Task directions
Beginning at the line that contains "Зонт-трость полуавтомат A.760" and finishing at the line that contains "Pan-Fried Fish Almondine Recipe from H-E-B", output the data below exactly. Include both end lines and no pictures.
==== Entries provided ====
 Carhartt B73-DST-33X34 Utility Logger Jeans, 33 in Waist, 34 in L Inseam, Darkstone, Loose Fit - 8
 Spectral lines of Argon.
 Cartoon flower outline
====
==== Entries provided ====
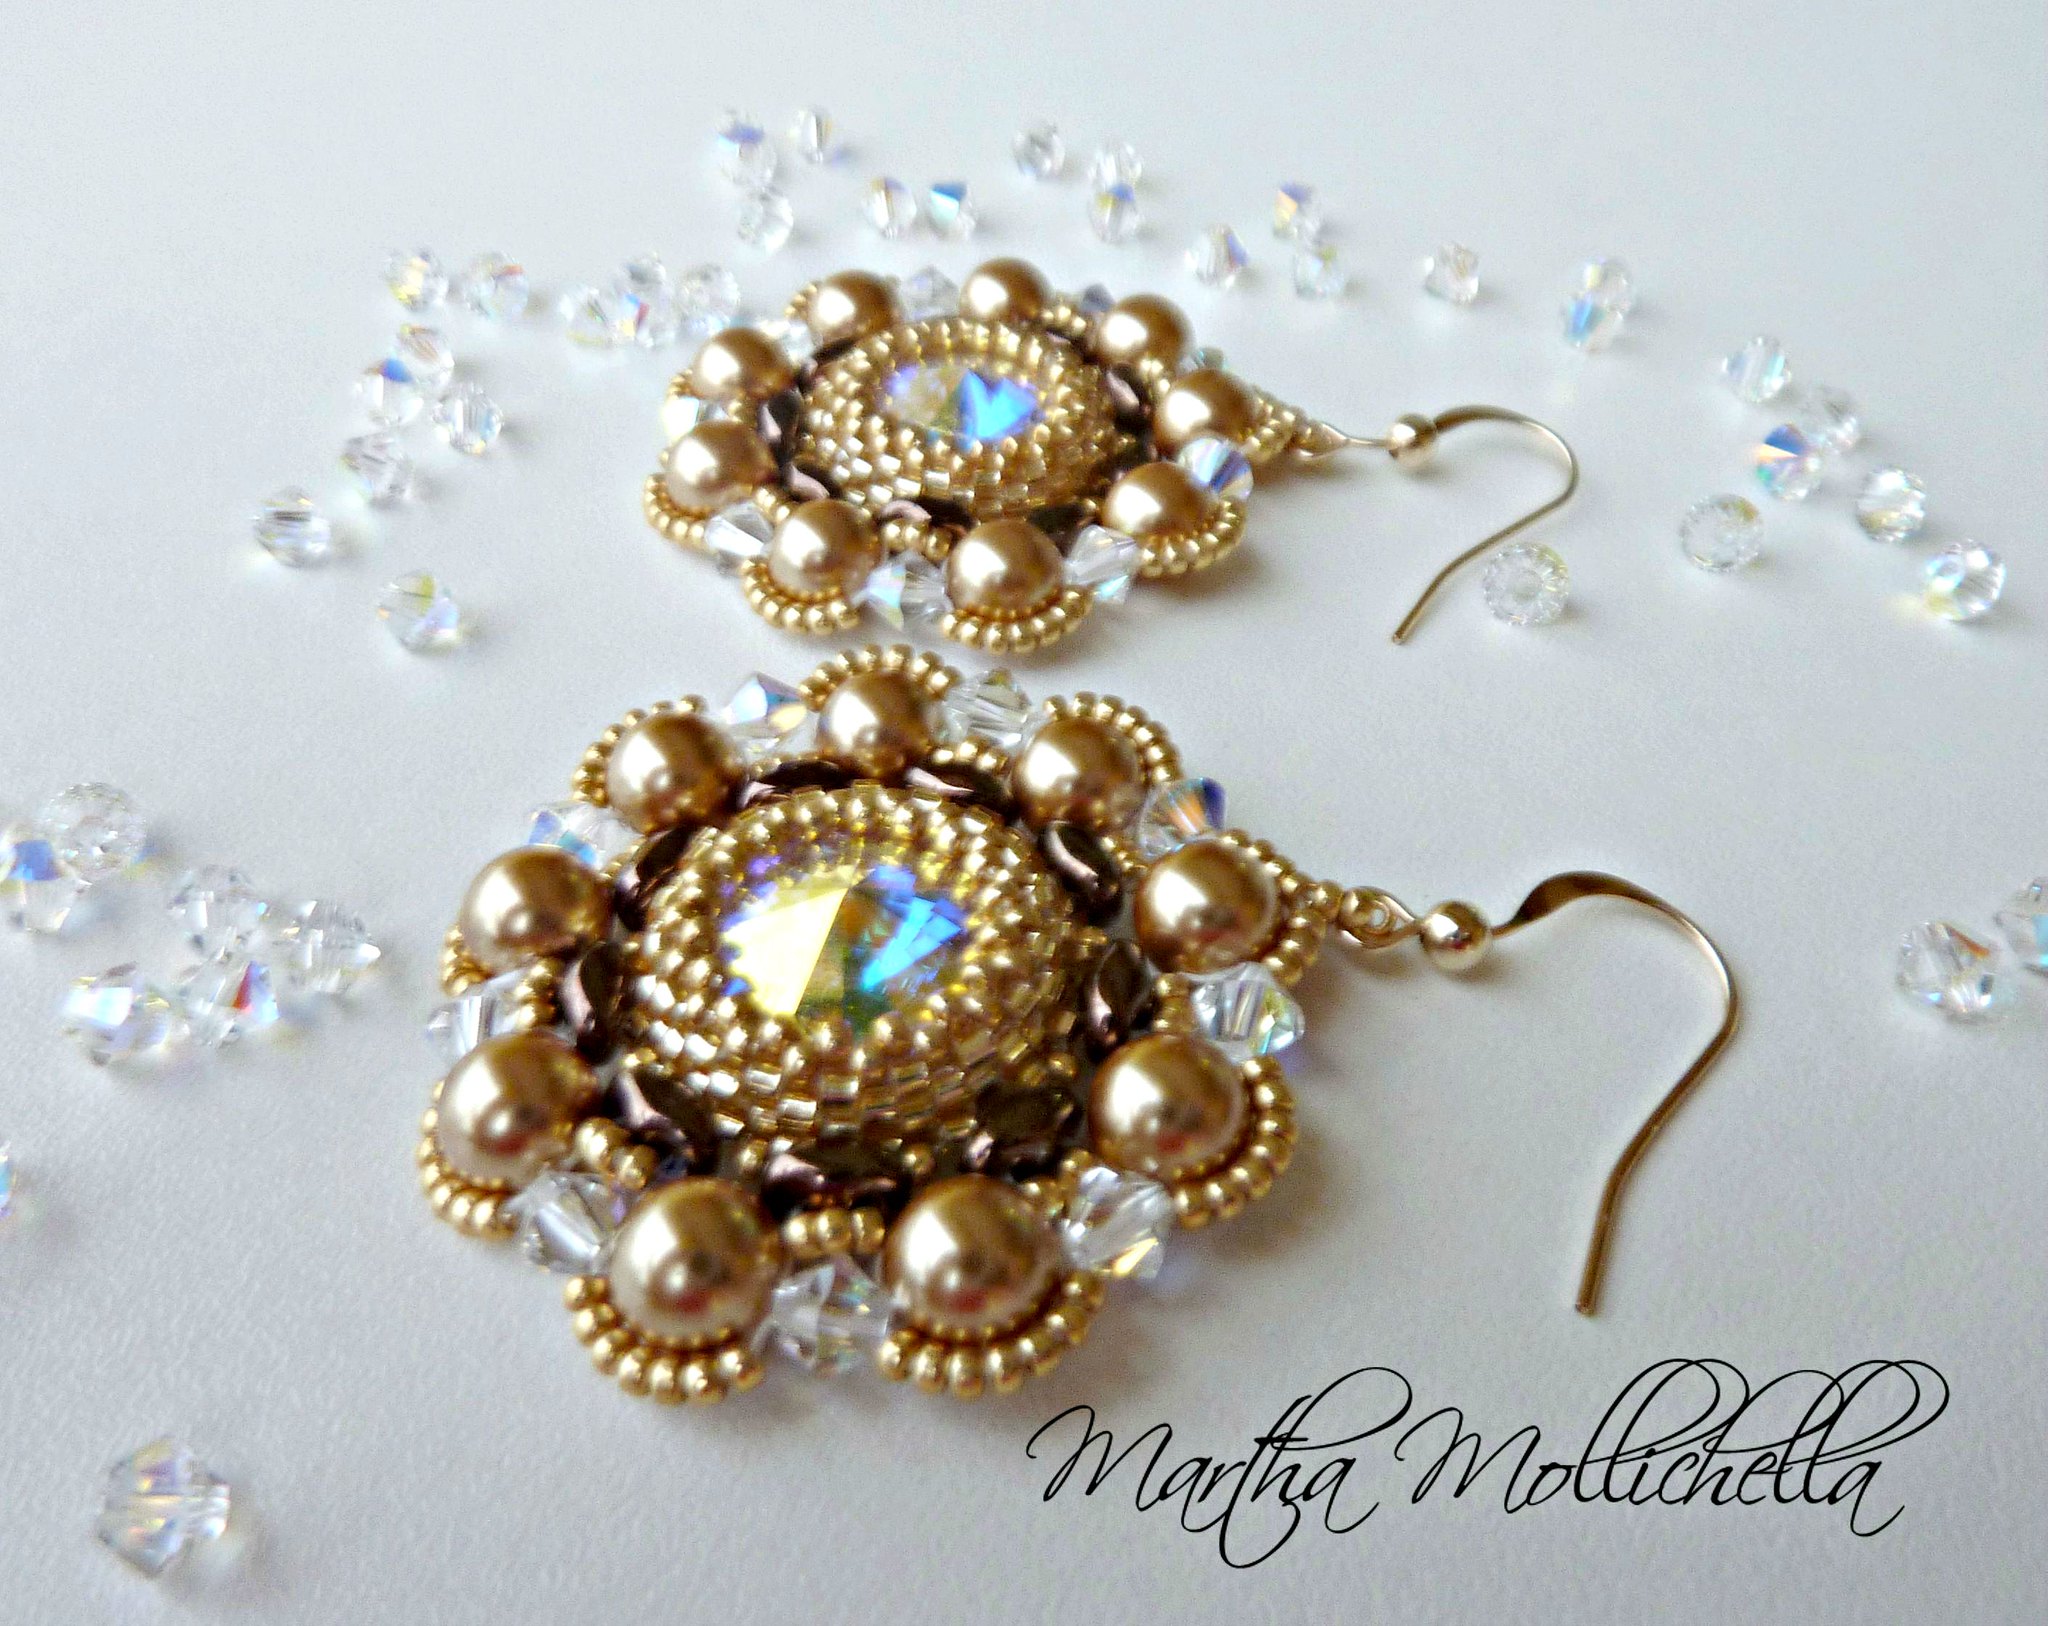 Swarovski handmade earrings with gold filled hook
====
==== Entries provided ====
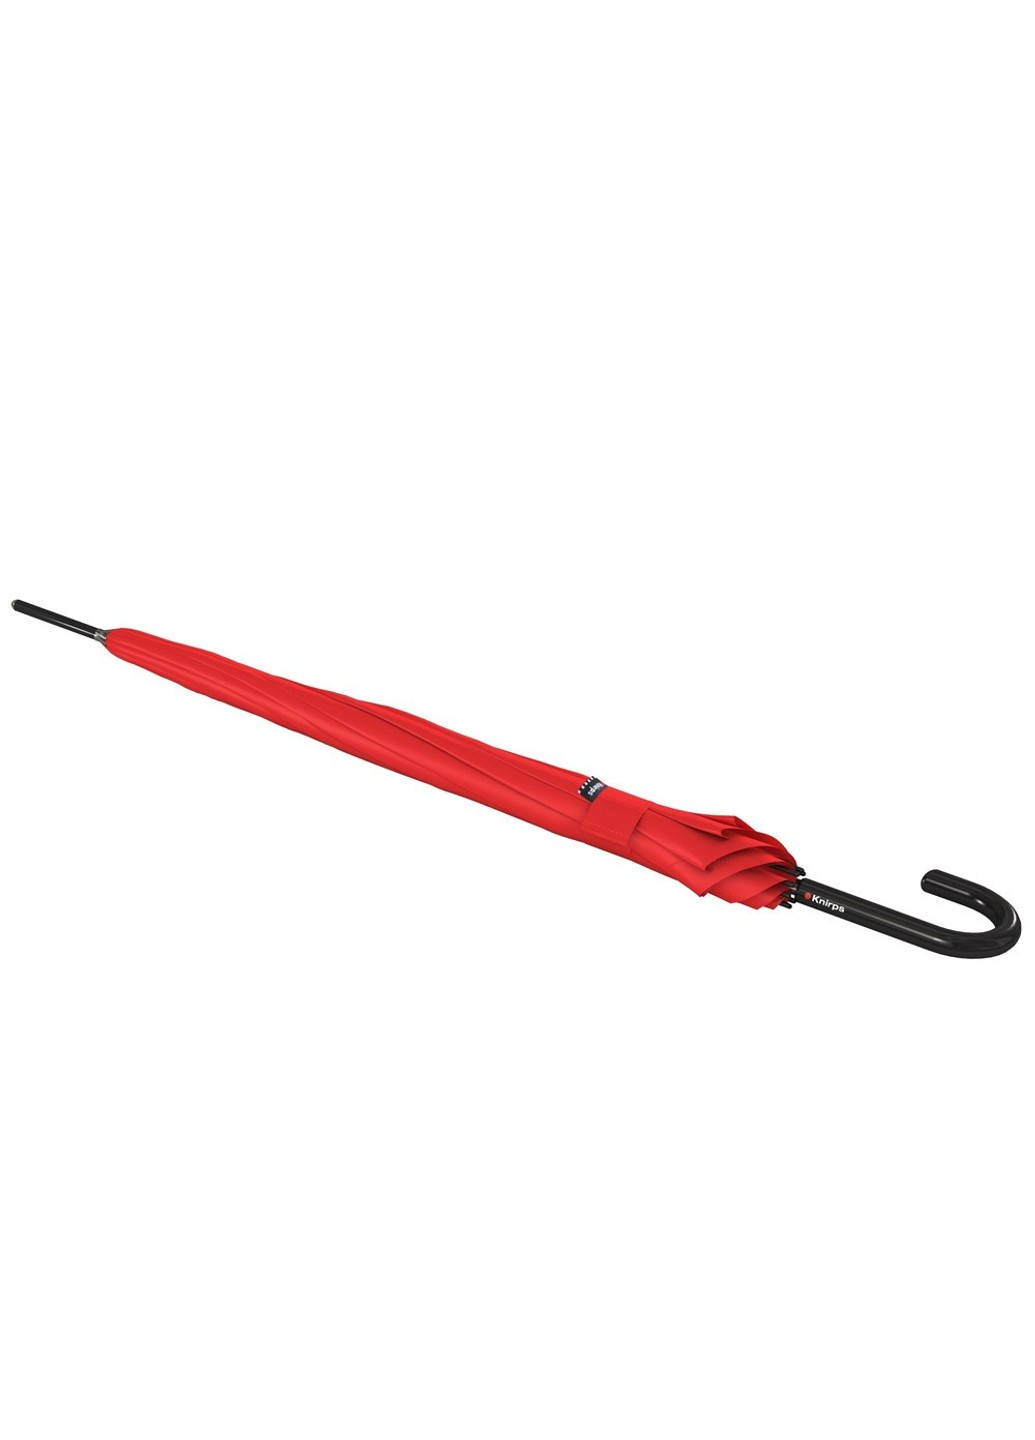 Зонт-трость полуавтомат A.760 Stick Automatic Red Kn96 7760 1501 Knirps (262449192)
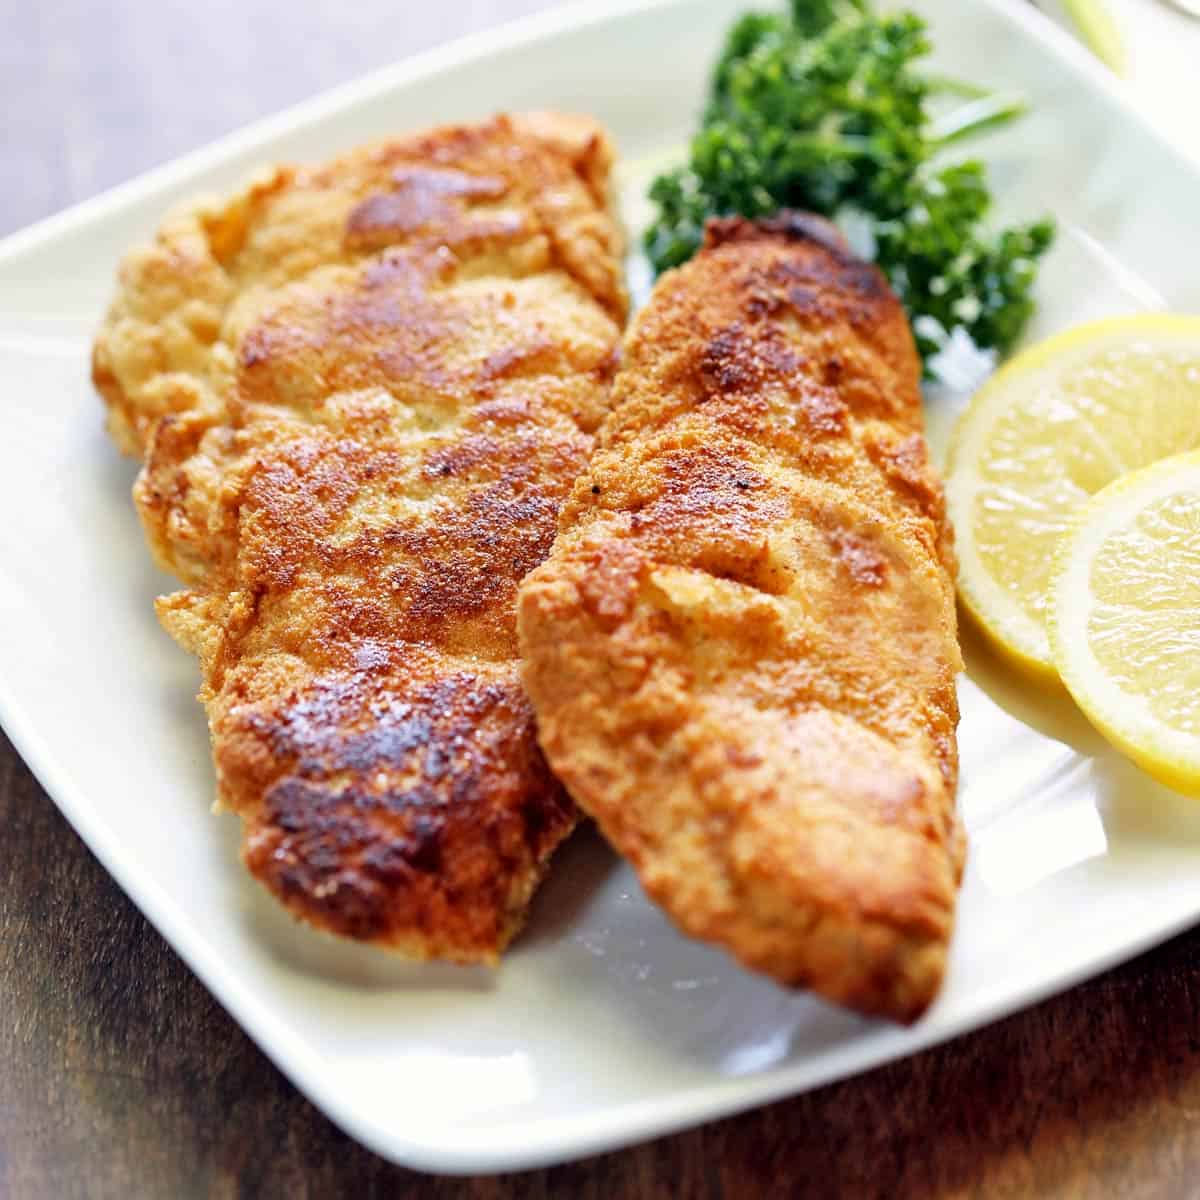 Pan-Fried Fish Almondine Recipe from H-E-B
====
Response to this exercise
 Зонт-трость полуавтомат A.760 Stick Automatic Red Kn96 7760 1501 Knirps (262449192)
 Pan-Fried Fish Almondine Recipe from H-E-B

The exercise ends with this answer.